Gunderal stood in the shadow of her half-orc sister and stared up at her. "Well, don't, Zuzzara. Don't say another word! I know a thing or two about water magic."

"Unless you know how to kill destrachans, keep your voices down," Ivy finally intervened. "We need to think of some place that we could ambush the creatures."

"Those creatures hunt by sound more than anything else," Zuzzara said, peering through one archway into the chamber beyond.

"According to Archlis, they are blind," Ivy agreed. "And you saw the size of those ears."

"So what if we make a lot of noise and draw them into a narrow place like this," Zuzzara suggested. "Someplace where we could get above them. That might help."

They followed Zuzzara into a circular chamber with stairs running in spirals along the walls to higher openings. In the center of the room stood a small fountain with a trickle of water coming out of its cracked marble spouts. The water was very cold to the touch.

"There's our river," said Gunderal with satisfaction. "Or a branch of it at least."
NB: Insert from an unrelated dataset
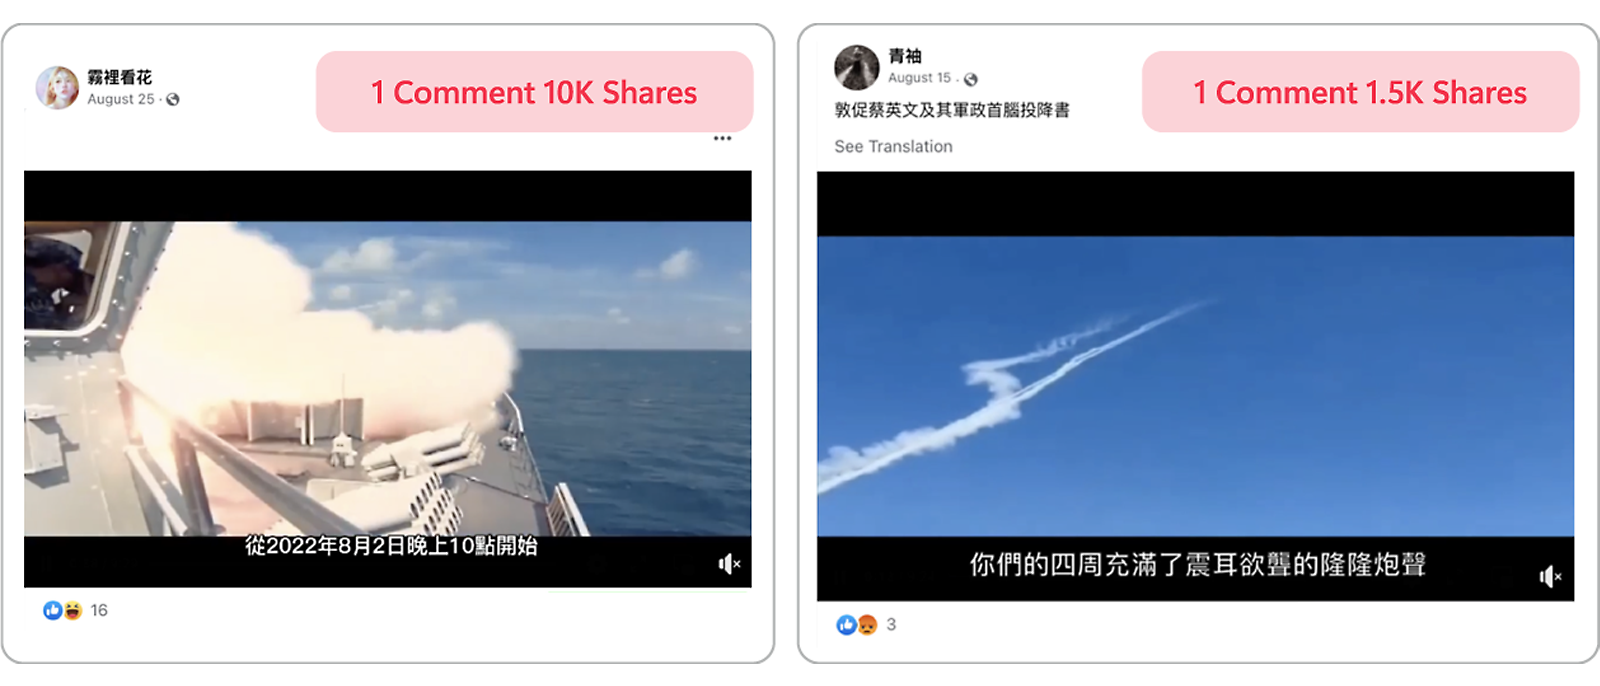 Ejemplos de capturas de pantalla lado a lado de propaganda en vídeo en taiwanés

"Forcing its way in through the old pipes first," said Mumchance. "The dwarves built well when they built this city, every time that they built this city."
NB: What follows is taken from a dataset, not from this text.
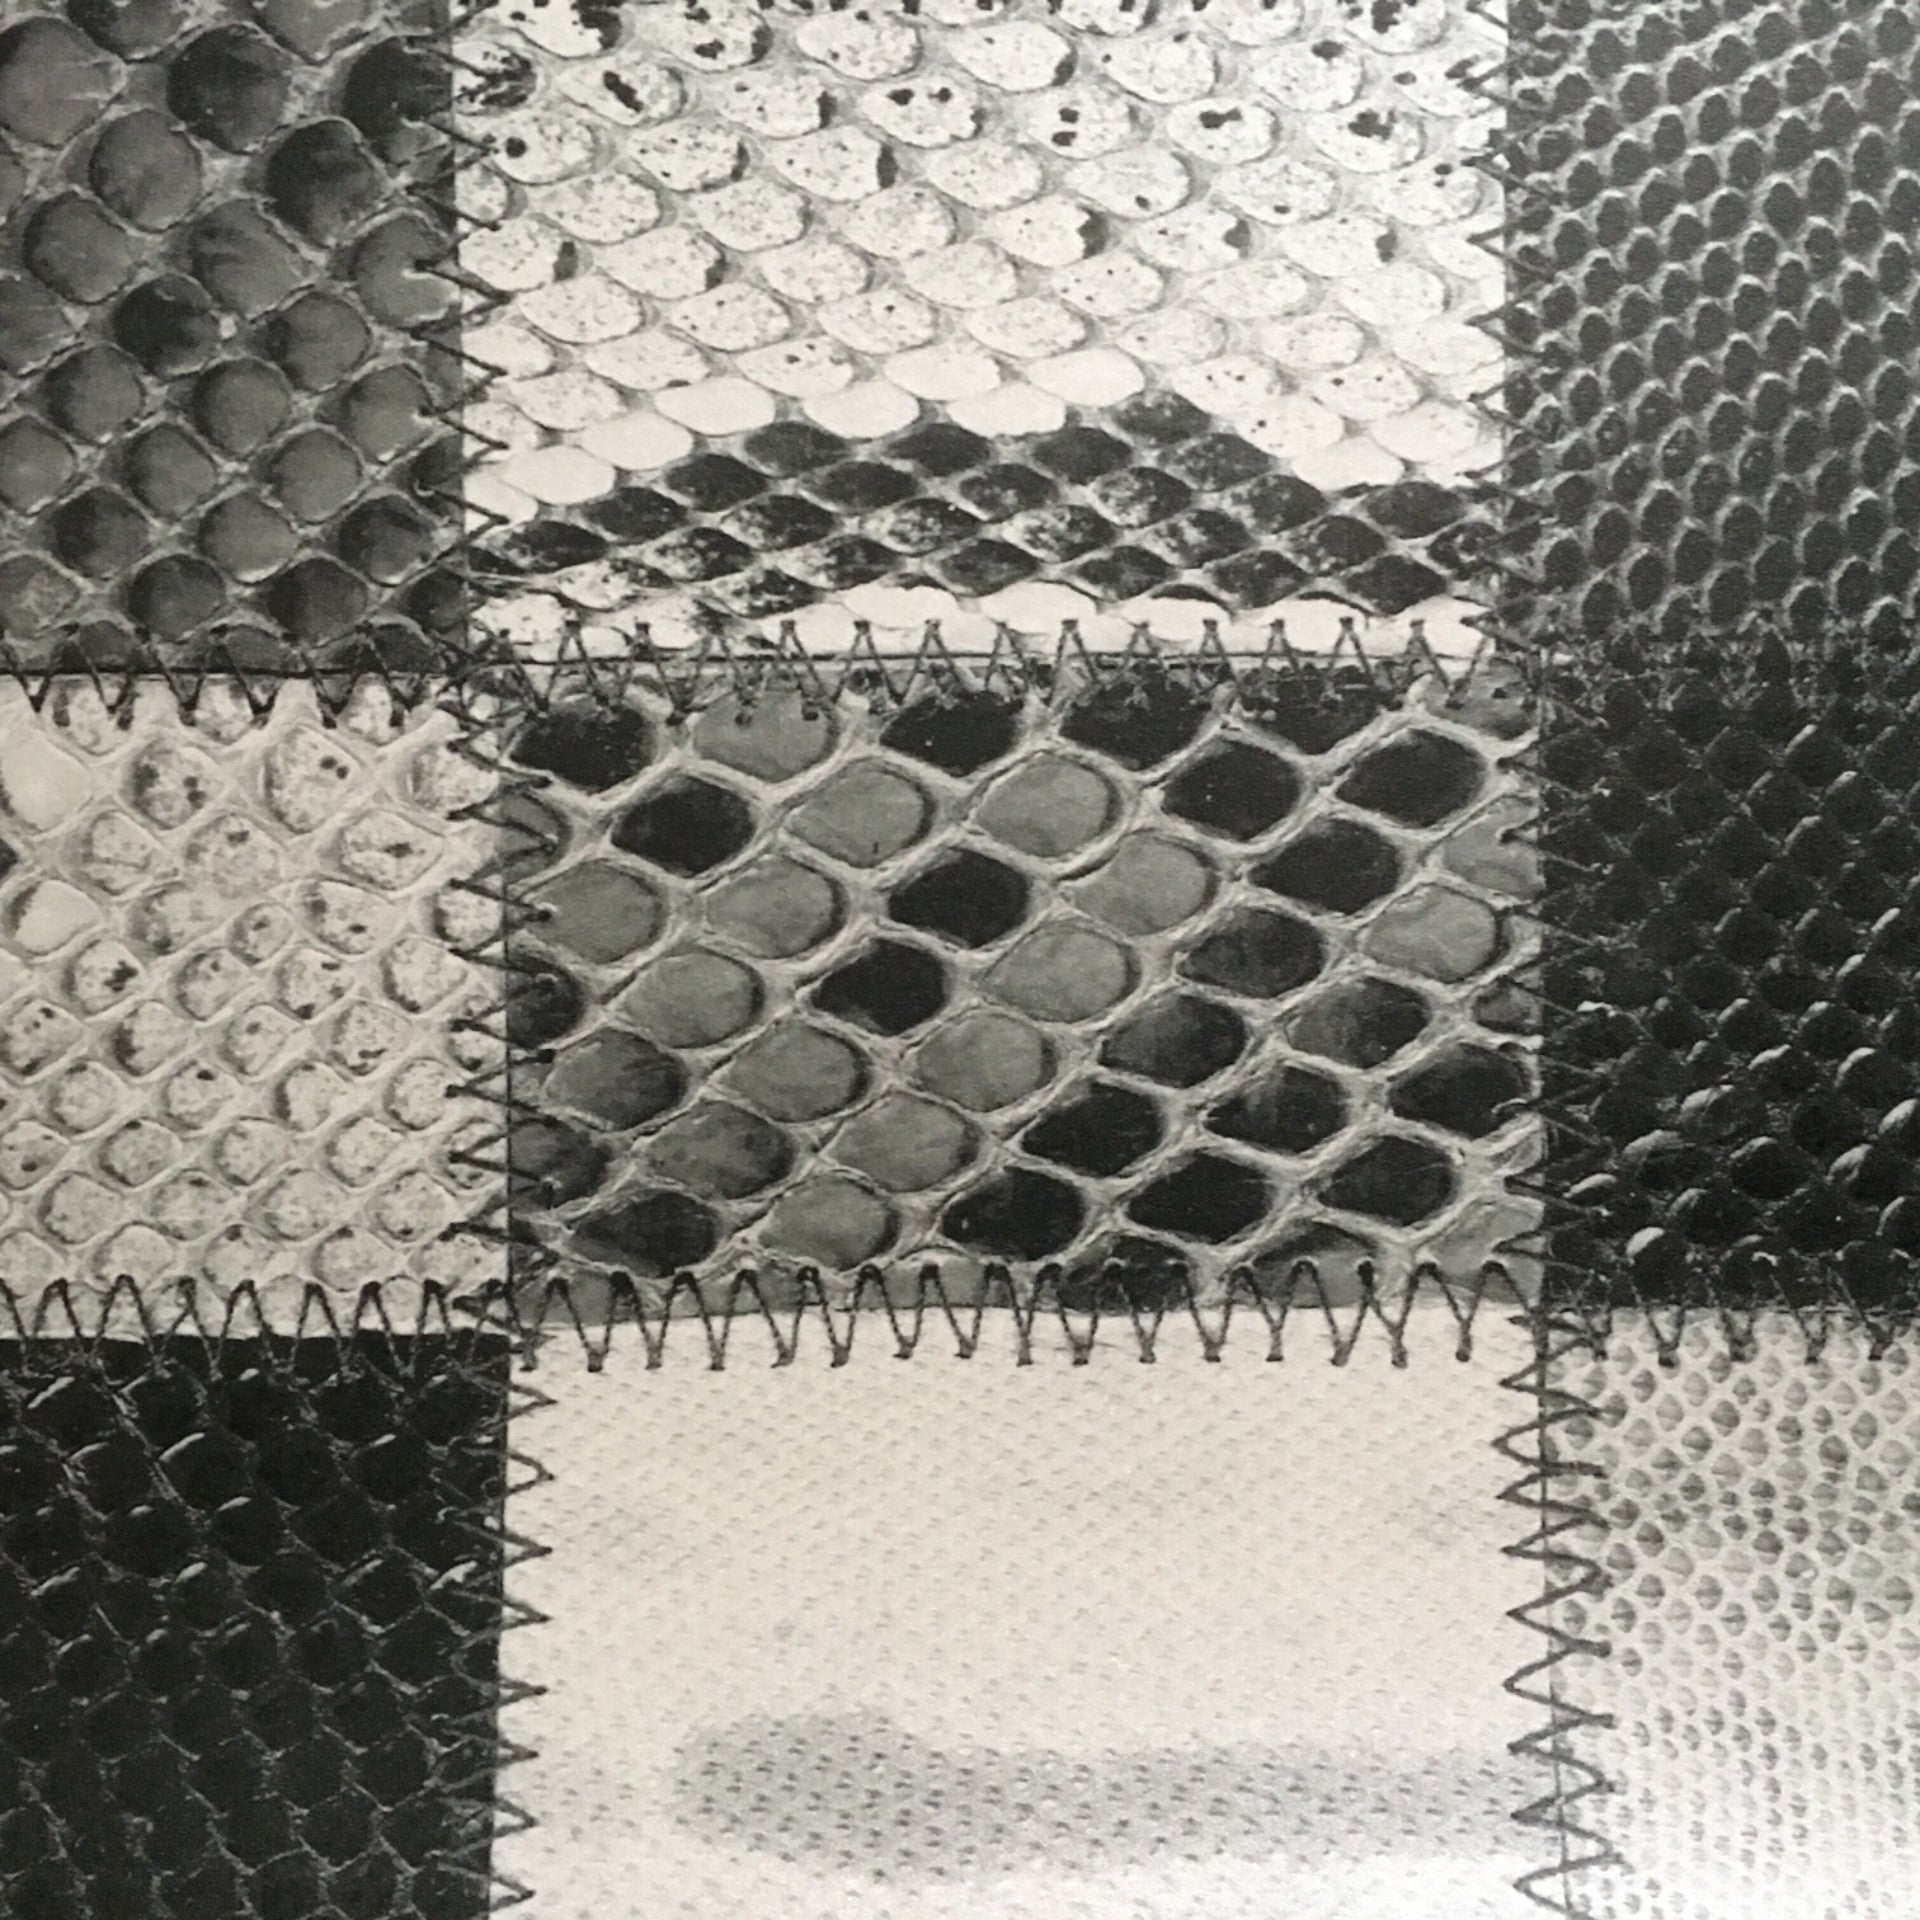 Vintage Snakeskin Patchwork Wallpaper

"Strange place," said Ivy, looking around the tower of ancient Tsurlagol.

Gunderal ran up a few stairs and rested her hand against the wall. "It is some kind of watchtower, sunk by that weird earth magic that I've been feeling throughout the ruins. Remember the mosaic back in the bathhouse?"

"Odd or not, Zuzzara is right," said Mumchance. "It's a good place for a trap."

Zuzzara shrugged. "I may be ugly, but I'm not dumb."

The old joke made them all laugh a little, and then glance uneasily over their shoulders as the laughs bounced around the room.

Mumchance climbed up the stairs after Gunderal, peering here and there through the openings, swinging his lantern before him. Wiggles stopped before one doorway and let out one small sharp bark. Mumchance took a look and then called back down the stairs. "There's another tunnel. Looks like it runs straight back the way that we came, just higher up."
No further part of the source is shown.